A pesar de la necesidad de mantener un equilibrio financiero y gestionar múltiples sistemas pasivos, mi experiencia con Two Point Museum fue sorprendentemente relajada. Incluso cuando mis cuentas entraban en números rojos y enviaba a mis empleados mejor pagados en expediciones, nunca sentí que estuviera al borde del colapso económico o el fracaso, algo muy distinto a la constante presión de que te imponen otros juegos. Sin embargo, seguía sintiendo el deseo de regresar a mi museo sin que una crisis inminente me empujara a hacerlo, lo que habla del encanto particular y la accesibilidad del juego.


Al igual que en entregas anteriores de Two Point, Two Point Museum cuenta con una enorme cantidad de contenido, y completar la campaña puede llevarte más de 30 horas, dependiendo de tu habilidad para cumplir los objetivos.

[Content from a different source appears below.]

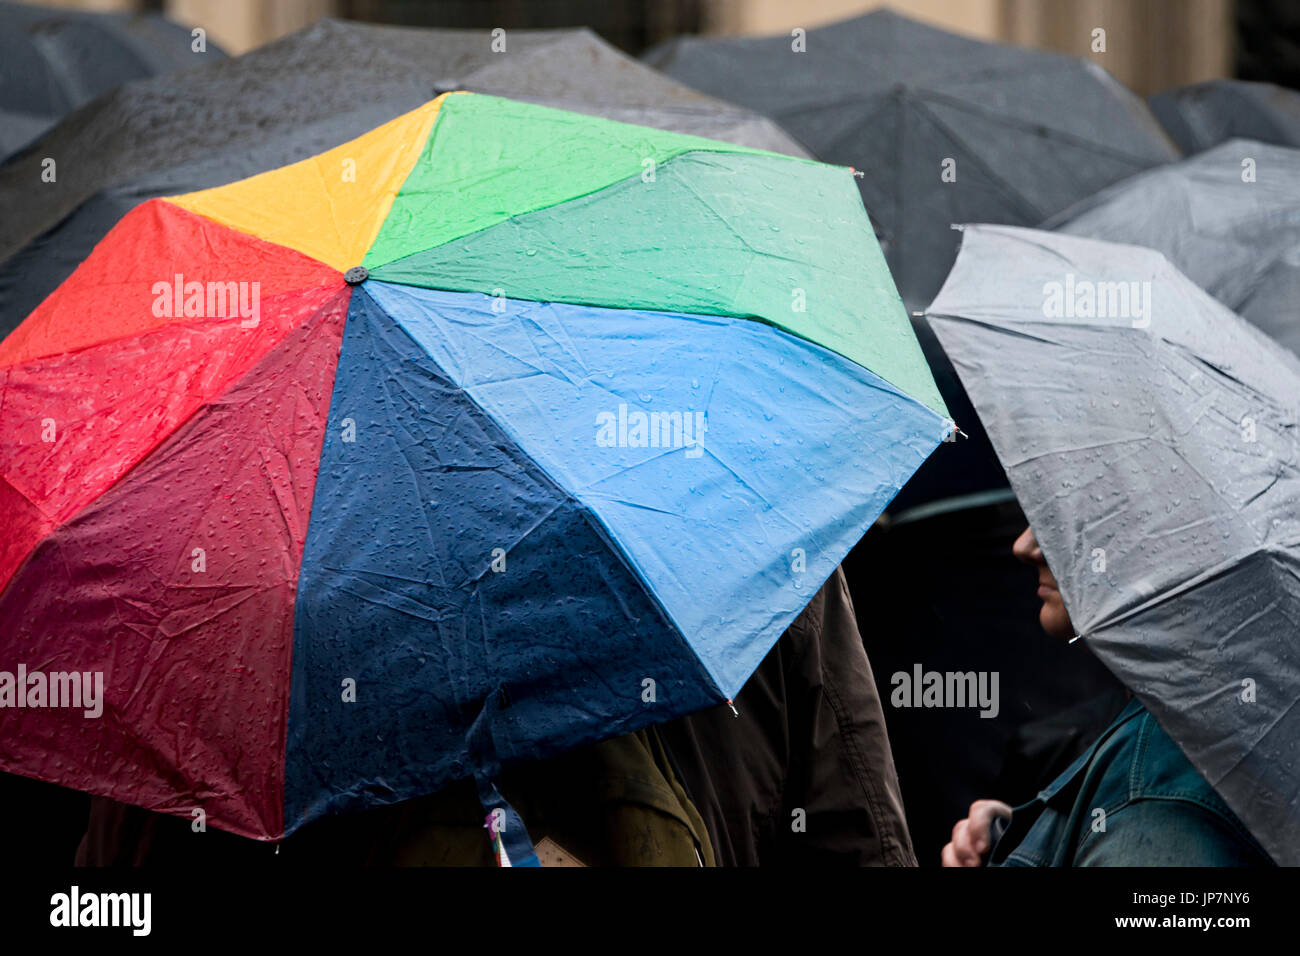 Horizontalen Blick auf einen bunten Regenschirm unter vielen schwarzen Schirmen im Regen. Stockfoto
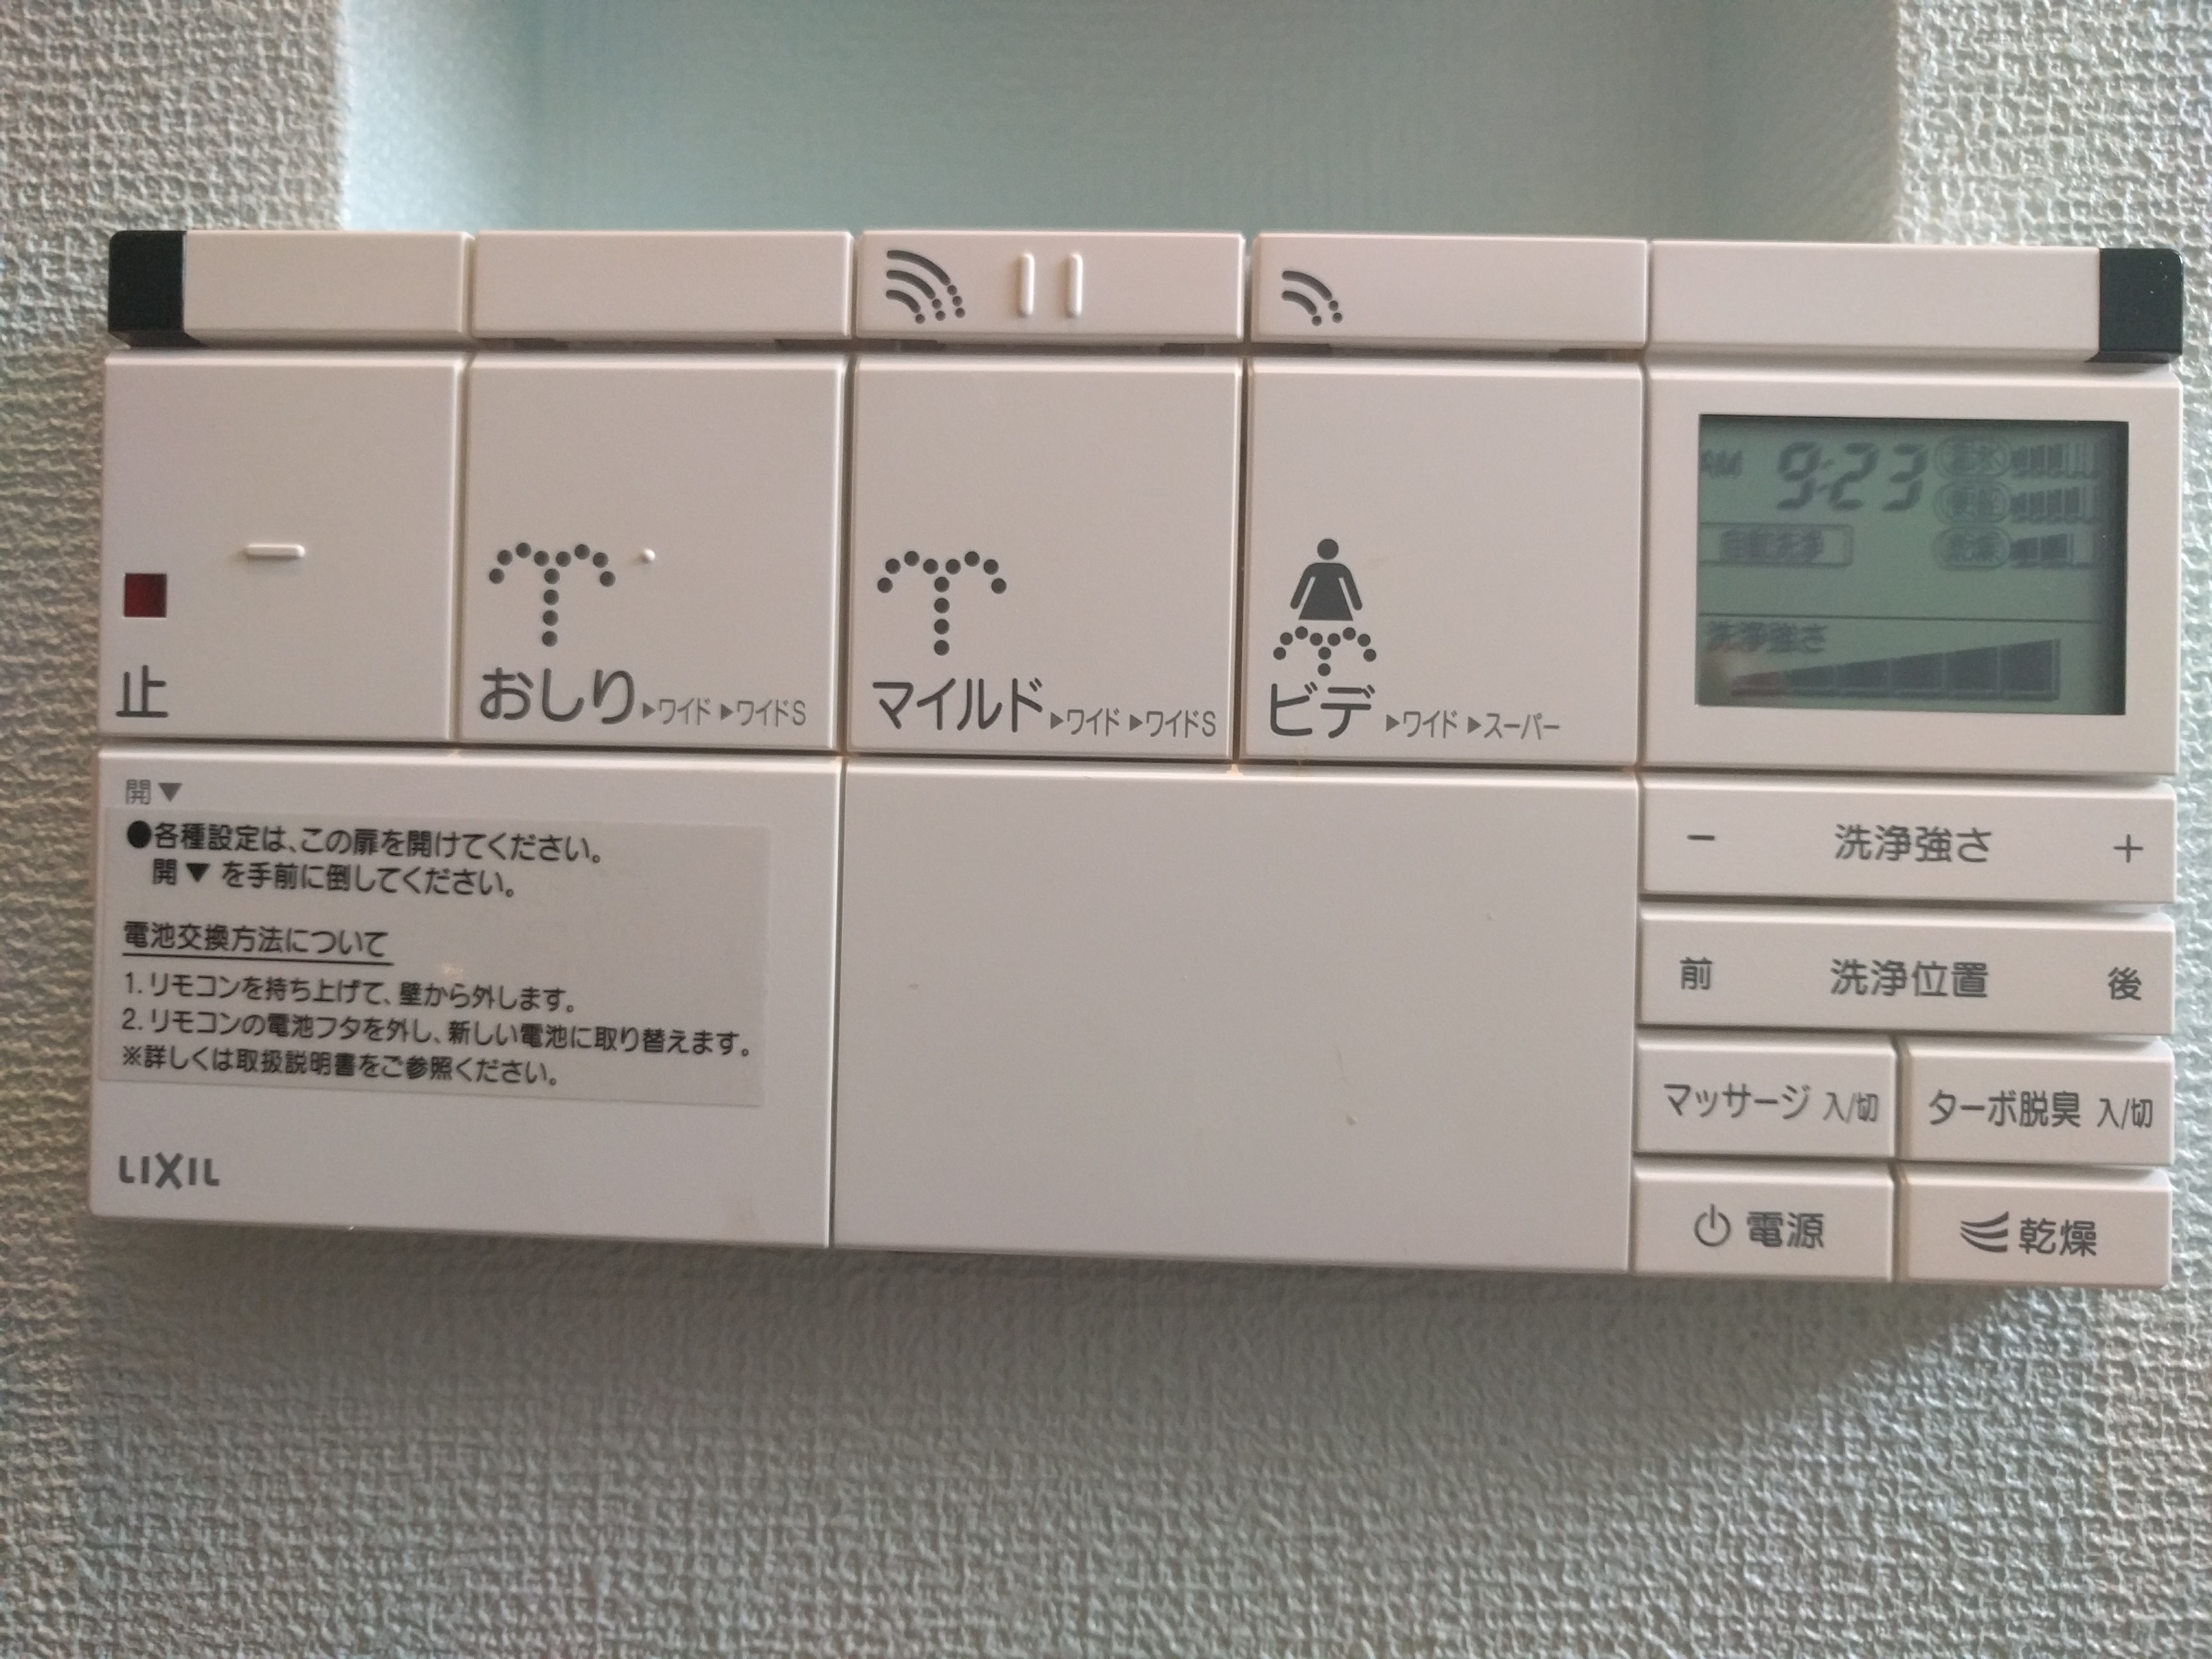 Japanese Toilet Controls

No sé qué nos traerá el futuro, pero el equipo de Two Point Studios ha vuelto a ofrecer un simulador excepcional, repleto de vida, carisma y entretenimiento. Con un diseño vibrante y accesible, es un juego de simulación en el que cualquiera puede sumergirse, y Two Point Museum bien podría ser su mejor propuesta hasta ahora. La diversidad de museos y exhibiciones disponibles es impresionante, y la personalidad que impregna cada rincón del juego lo hace destacar. Es un título en el que es fácil perderse durante horas y recordar que, en este caso, lo más ridículo y estrafalario es siempre lo mejor.

Esta review fue escrita luego de jugar una copia digital de Two Point Museum brindada por SEGA para PS5.
PUNTOS BUENOS
Una campaña bien estructurada que enseña las mecánicas de forma fluida. La variedad de ubicaciones y tipos de artefactos hace que explorar y construir exhibiciones sea un verdadero placer. El humor está muy bien trabajado. Las mecánicas de gestión son realmente divertidas.PUNTOS MALOS
La gestión del negocio puede ser demasiado indulgente, lo que reduce el nivel de desafío significativo.CONCLUSIÓN
Si te encantó Two Point Hospital o Two Point Campus, también vas a disfrutar Two Point Museum. Este podría ser el mejor juego de la serie hasta ahora, permitiéndote crear museos tan extraños como fascinantes, donde puedes exhibir desde esqueletos de dinosaurios hasta fantasmas reales. Con el mismo humor, diversión y accesibilidad que caracteriza a los juegos de Two Point, este es otro gran acierto para el estudio.